Pcr.seqs removing the first base with keepdots=f

Hello all,

I am running mothur v.1.46.1, downloaded today. I was trying to clean an alignment with pcr.seqs, and if keepdots=f is included, it removes the first base of the aligment. If not included, keeps the first base. The log with the same step done over the same file, with both summary seqs, and you can see the difference from 692 to 691. I checked the alignments produced by both, and remove the base in 1. Happy to share the alignments.

This is the windows version, but it was affecting a student using a linux server (that came to me after one day banging her head against the computer since my script was not working…).

Windows version

Using Boost
mothur v.1.46.1
Last updated: 9/1/21
by
Patrick D. Schloss

Department of Microbiology & Immunology

University of Michigan
http://www.mothur.org

When using, please cite:
Schloss, P.D., et al., Introducing mothur: Open-source, platform-independent, community-supported software for describing and comparing microbial communities.
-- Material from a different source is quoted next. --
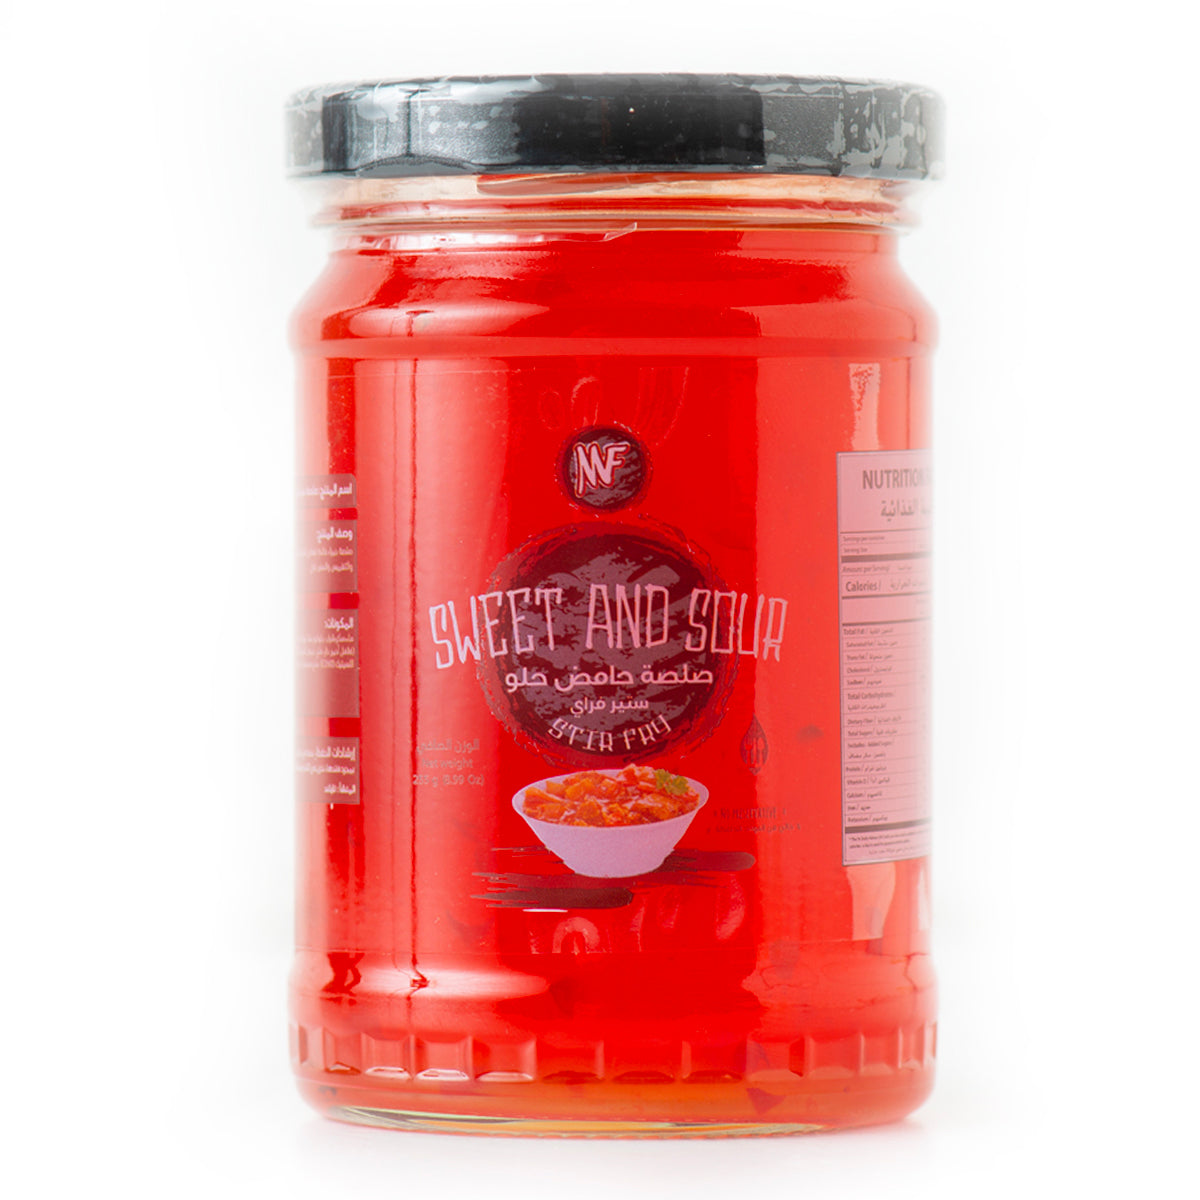 MF Sweet and Sour Stir Fry 255ml

Appl Environ Microbiol, 2009. 75(23):7537-41.

Distributed under the GNU General Public License

Type 'help()' for information on the commands that are available

For questions and analysis support, please visit our forum at https://forum.mothur.org

Type 'quit()' to exit program

[NOTE]: Setting random seed to 19760620.

Interactive Mode



mothur > 
pcr.seqs(fasta=carolina.align, start=1, end=692)

Using 8 processors.
It took 14 secs to screen 411075 sequences.

Output File Names: 
carolina.pcr.align
carolina.bad.accnos
carolina.scrap.pcr.align



mothur > 
summary.seqs(fasta=current)
Using carolina.pcr.align as input file for the fasta parameter.

Using 8 processors.

		Start	End	NBases	Ambigs	Polymer	NumSeqs
Minimum:	1	688	95	0	3	1
2.5%-tile:	1	692	129	0	4	9950
25%-tile:	1	692	130	0	4	99496
Median: 	1	692	130	0	4	198991
75%-tile:	1	692	134	0	4	298486
97.5%-tile:	1	692	143	0	6	388032
Maximum:	1	692	186	0	9	397981
Mean:	1	691	132	0	4
# of Seqs:	397981

It took 7 secs to summarize 397981 sequences.

Output File Names:
carolina.pcr.summary


mothur > 
pcr.seqs(fasta=carolina.align, start=1, end=692, keepdots=f)

Using 8 processors.
It took 14 secs to screen 411075 sequences.

Output File Names: 
carolina.pcr.align
carolina.bad.accnos
carolina.scrap.pcr.align



mothur > 
summary.seqs(fasta=current)
Using carolina.pcr.align as input file for the fasta parameter.

Using 8 processors.

		Start	End	NBases	Ambigs	Polymer	NumSeqs
Minimum:	1	687	94	0	3	1
2.5%-tile:	1	691	128	0	4	9950
25%-tile:	1	691	129	0	4	99496
Median: 	1	691	129	0	4	198991
75%-tile:	1	691	133	0	4	298486
97.5%-tile:	1	691	142	0	6	388032
Maximum:	1	691	185	0	9	397981
Mean:	1	690	131	0	4
# of Seqs:	397981

It took 8 secs to summarize 397981 sequences.

Output File Names:
carolina.pcr.summary


mothur > 
quit()

Can you try with keepdots=T and then run filter.seqs with vertical=T?

Pat

Hi Pat

Sorry if I was not clear. The problem is not keeping the dots or not - the problem is the difference in behavior of pcr.seqs depending on what is selected in keepdots. If =true, then the fragment left includes the “start” base. If =False, the fragment left starts AFTER the “start” base (at least when start=1).

The problem is that I was pcr.seqs form 1 to 692, and with keepdots false the fragment left was 2-692 (so, 691 bp). Then I was doing a screen.seqs with end=692 (to remove incomplete sequences) and I was getting an empty alignment. Changing to keepdots true then I was keeping 1-692, so screen.seqs worked OK.

Thanks,

Leo

Hi Leo,
Thanks for reporting this bug. I have fixed it and the change will be part of our next release. In the meantime, you can work around the issue by running the following:

mothur >
pcr.seqs(fasta=carolina.align, start=1, end=692, keepdots=t) - sets all positions to be removed to .'s

mothur > filter.seqs(fasta=current, vertical=f, trump=.) - removes all positions with .'s.

Kindly,
Sarah

1 Like

Thanks Sarah!

Again, I had no problems once I noticed - with my pipeline the dots, or no dots, doesn’t matter (with the screen.seqs step I then leave only complete fragments, so no dots are left either way), just that I needed to keep the first base!!

Best,

Leo

This topic was automatically closed 10 days after the last reply. New replies are no longer allowed.